* Action item *
Nothing but the records, transcribed verbatim and stripped of images, should appear in the answer.

Collection entries

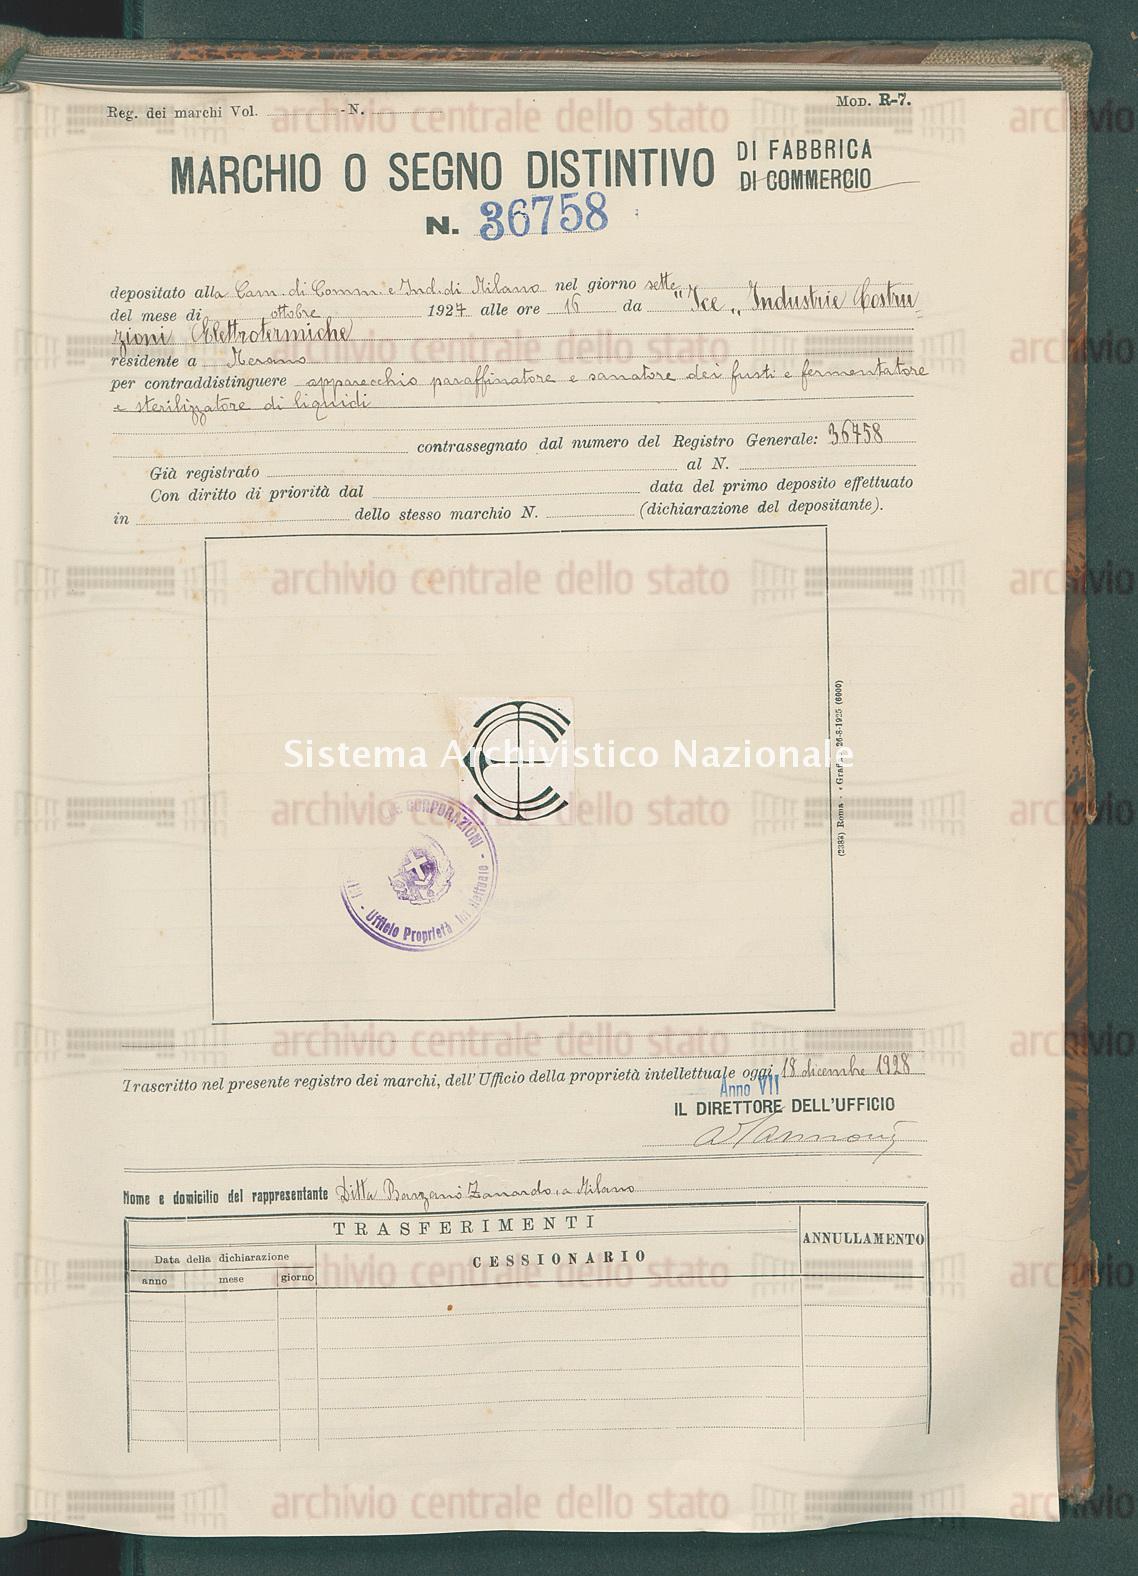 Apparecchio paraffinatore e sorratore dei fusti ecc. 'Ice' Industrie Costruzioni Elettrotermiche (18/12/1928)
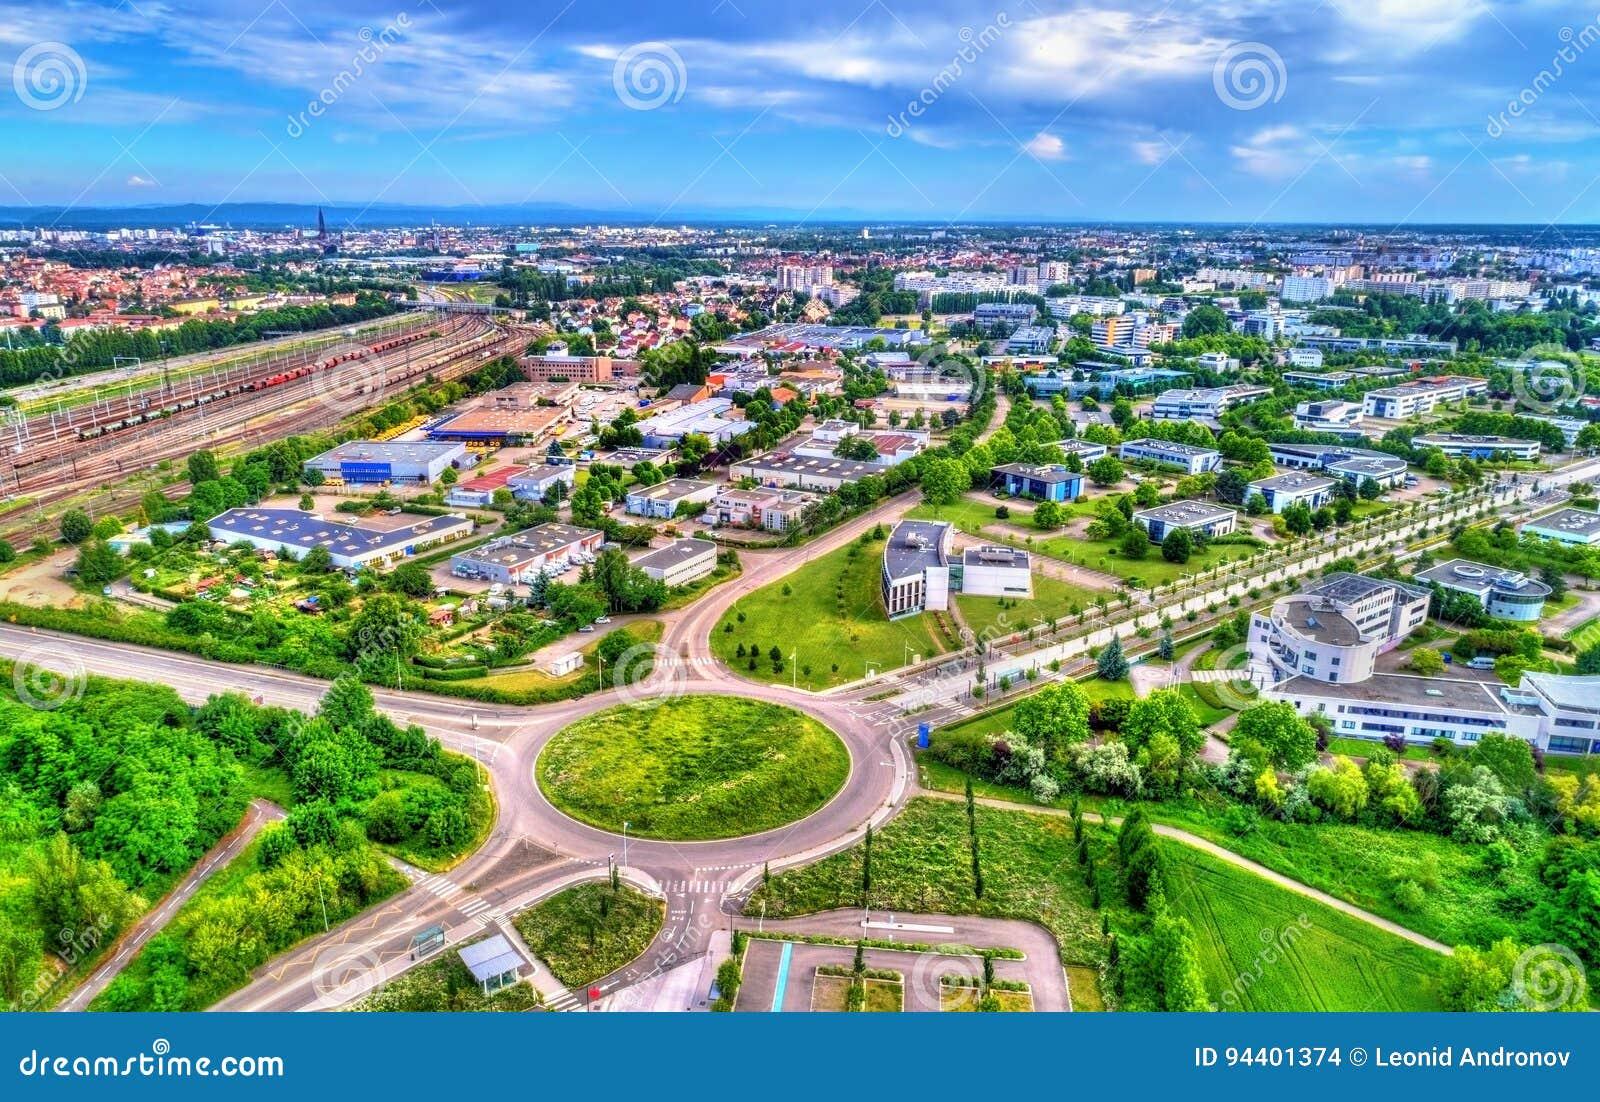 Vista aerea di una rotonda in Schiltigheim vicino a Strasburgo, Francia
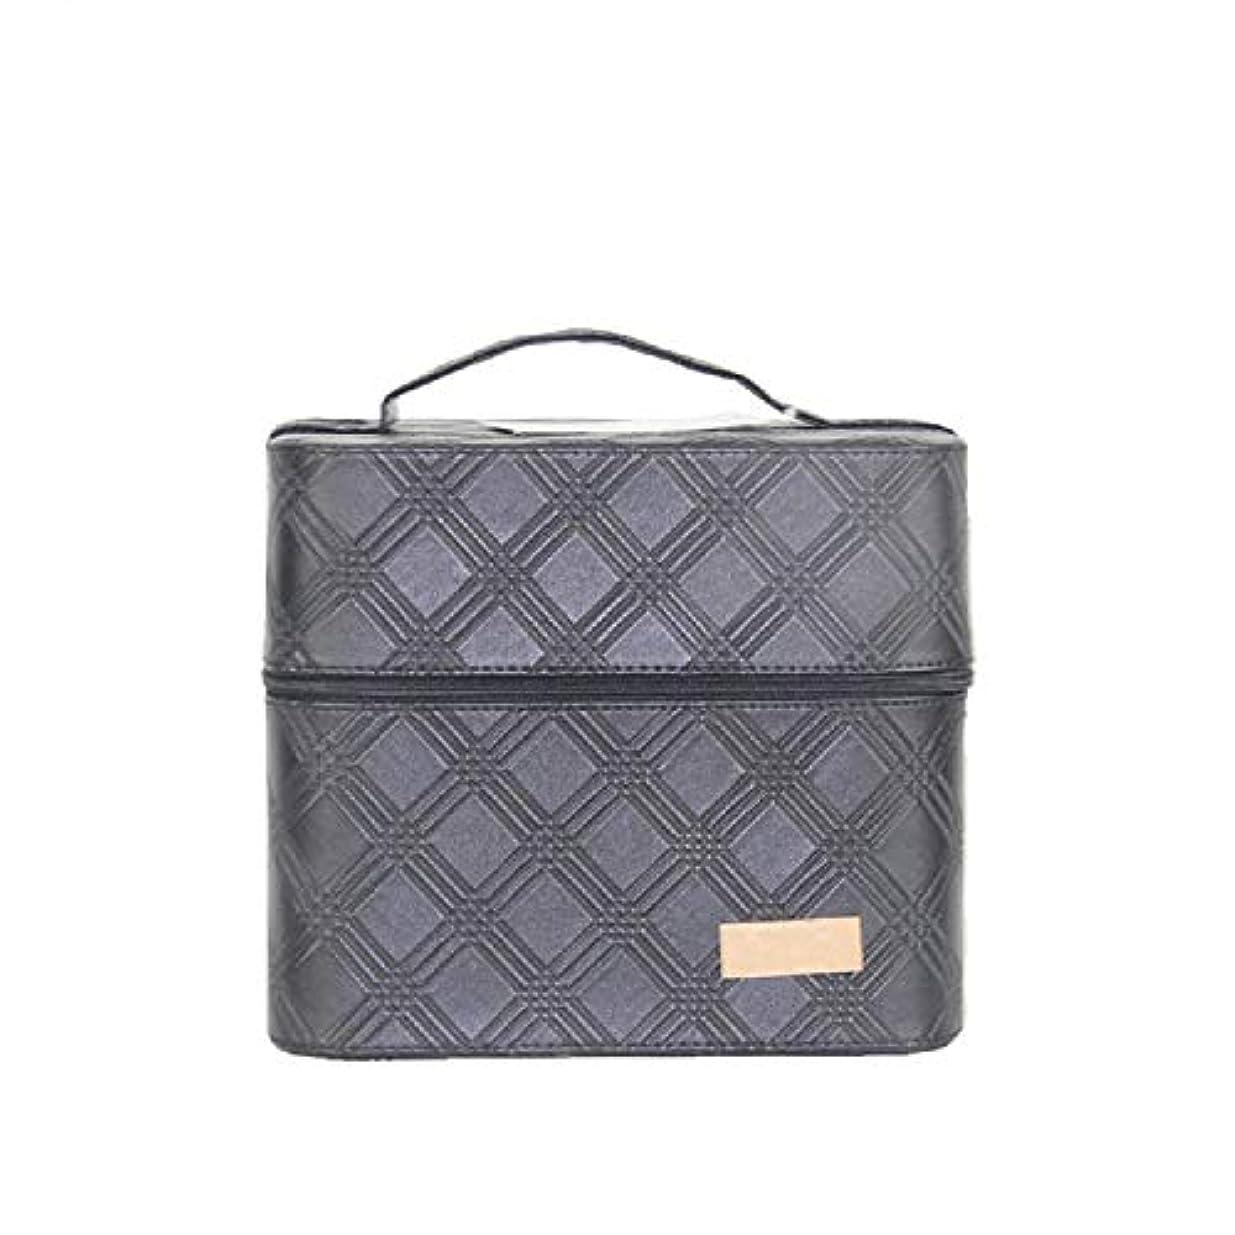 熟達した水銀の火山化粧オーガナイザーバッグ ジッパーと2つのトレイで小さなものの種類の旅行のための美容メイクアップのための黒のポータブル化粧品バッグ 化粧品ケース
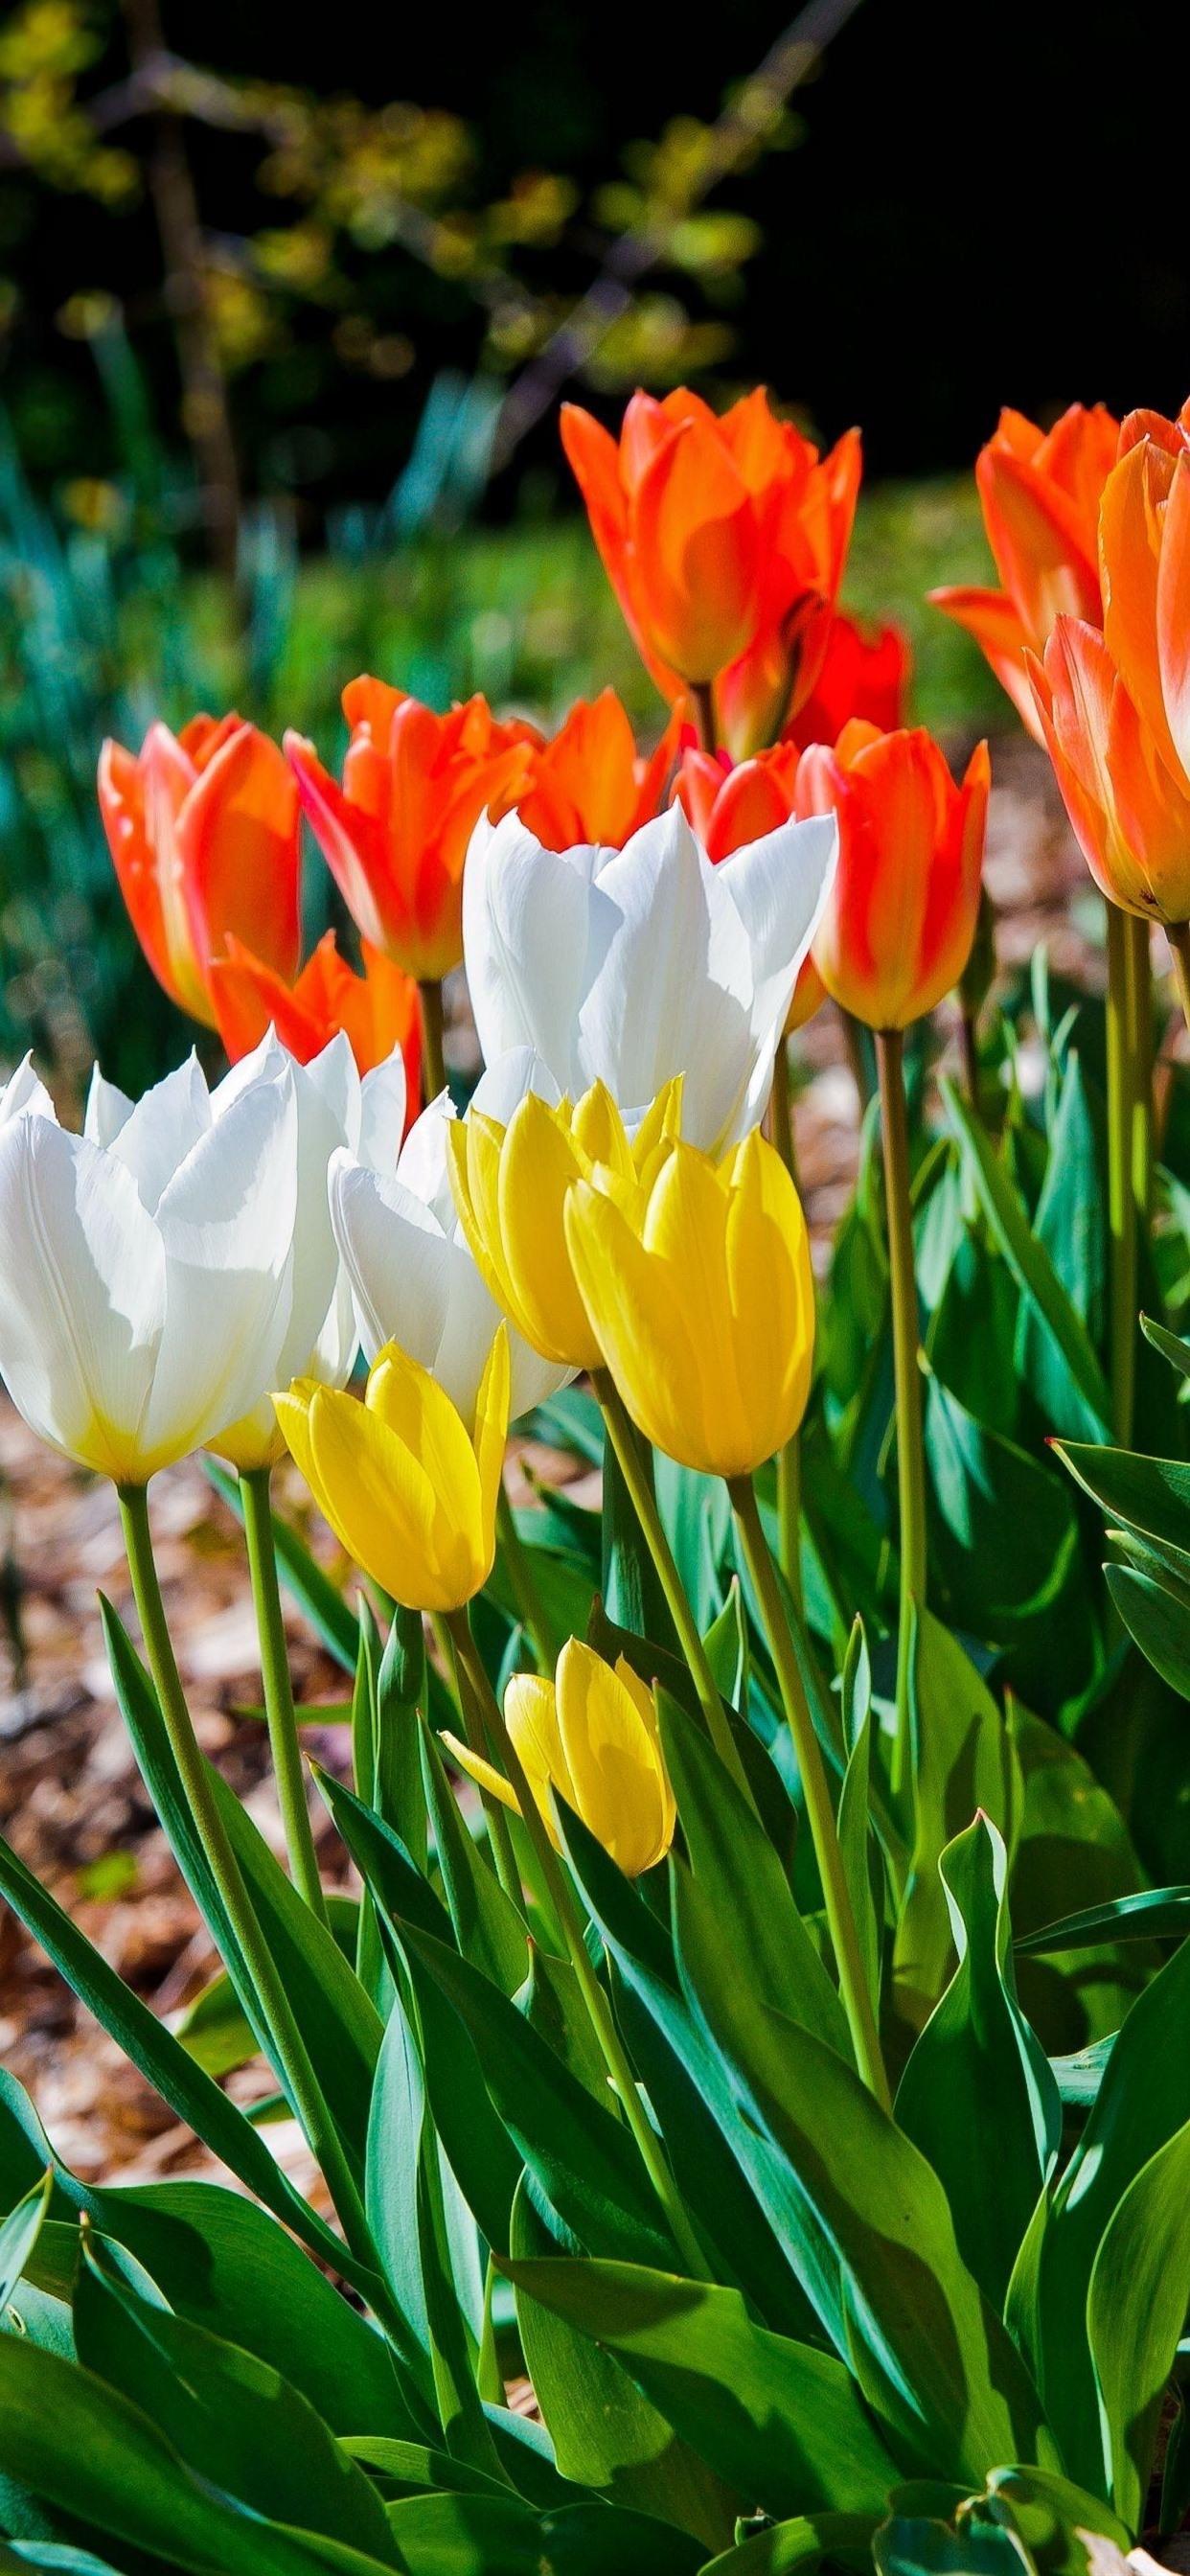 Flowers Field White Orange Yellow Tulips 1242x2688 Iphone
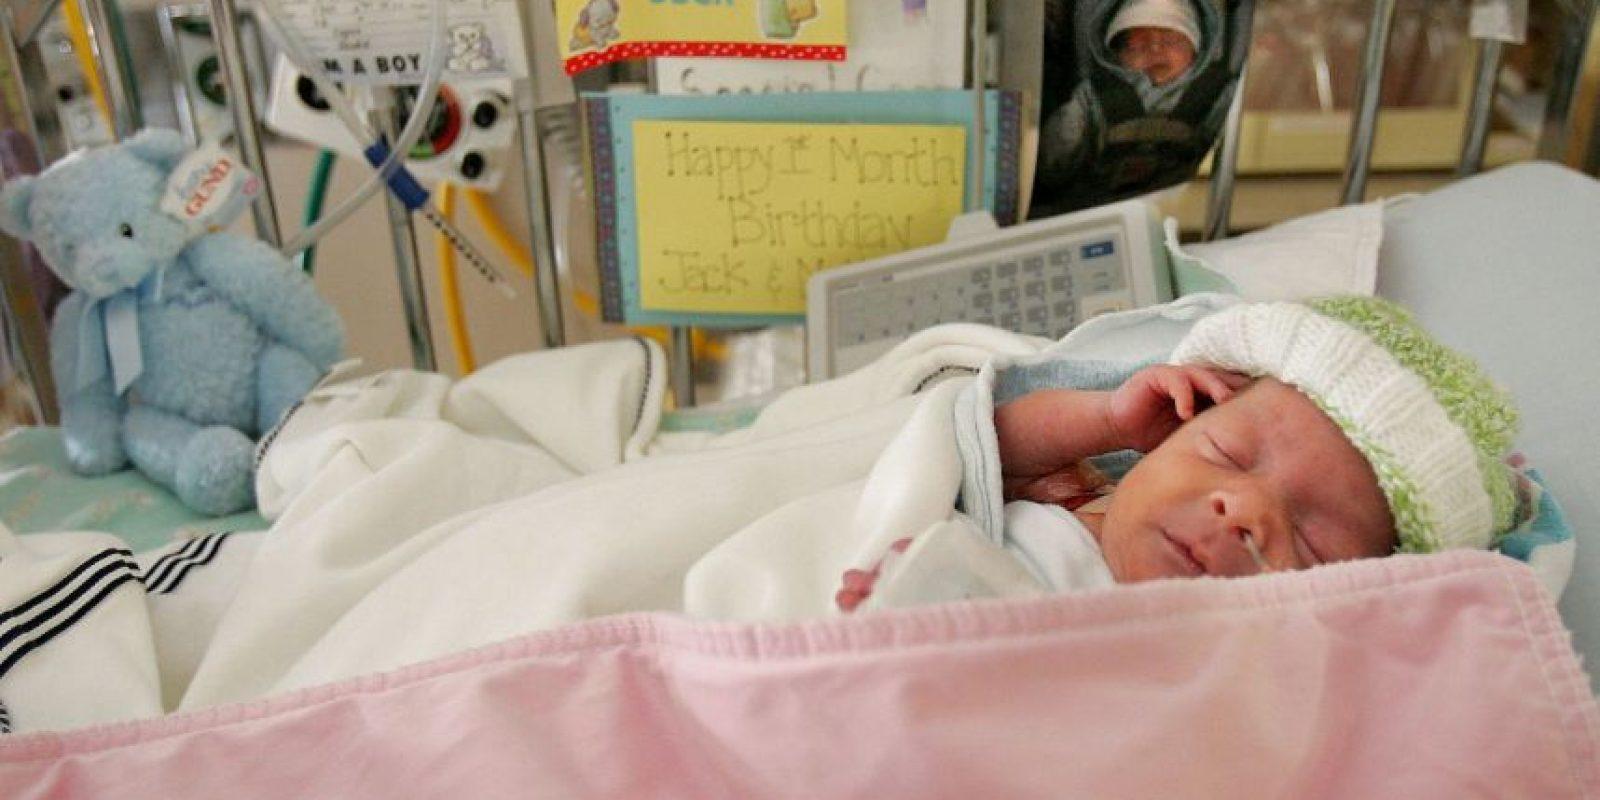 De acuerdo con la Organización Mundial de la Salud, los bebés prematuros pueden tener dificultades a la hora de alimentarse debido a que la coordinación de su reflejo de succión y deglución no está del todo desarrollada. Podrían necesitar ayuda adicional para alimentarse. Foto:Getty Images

* Written solution *
 Apparecchio paraffinatore e sorratore dei fusti ecc. 'Ice' Industrie Costruzioni Elettrotermiche (18/12/1928)
 Vista aerea di una rotonda in Schiltigheim vicino a Strasburgo, Francia
 熟達した水銀の火山化粧オーガナイザーバッグ ジッパーと2つのトレイで小さなものの種類の旅行のための美容メイクアップのための黒のポータブル化粧品バッグ 化粧品ケース
 Flowers Field White Orange Yellow Tulips 1242x2688 Iphone
 De acuerdo con la Organización Mundial de la Salud, los bebés prematuros pueden tener dificultades a la hora de alimentarse debido a que la coordinación de su reflejo de succión y deglución no está del todo desarrollada. Podrían necesitar ayuda adicional para alimentarse. Foto:Getty Images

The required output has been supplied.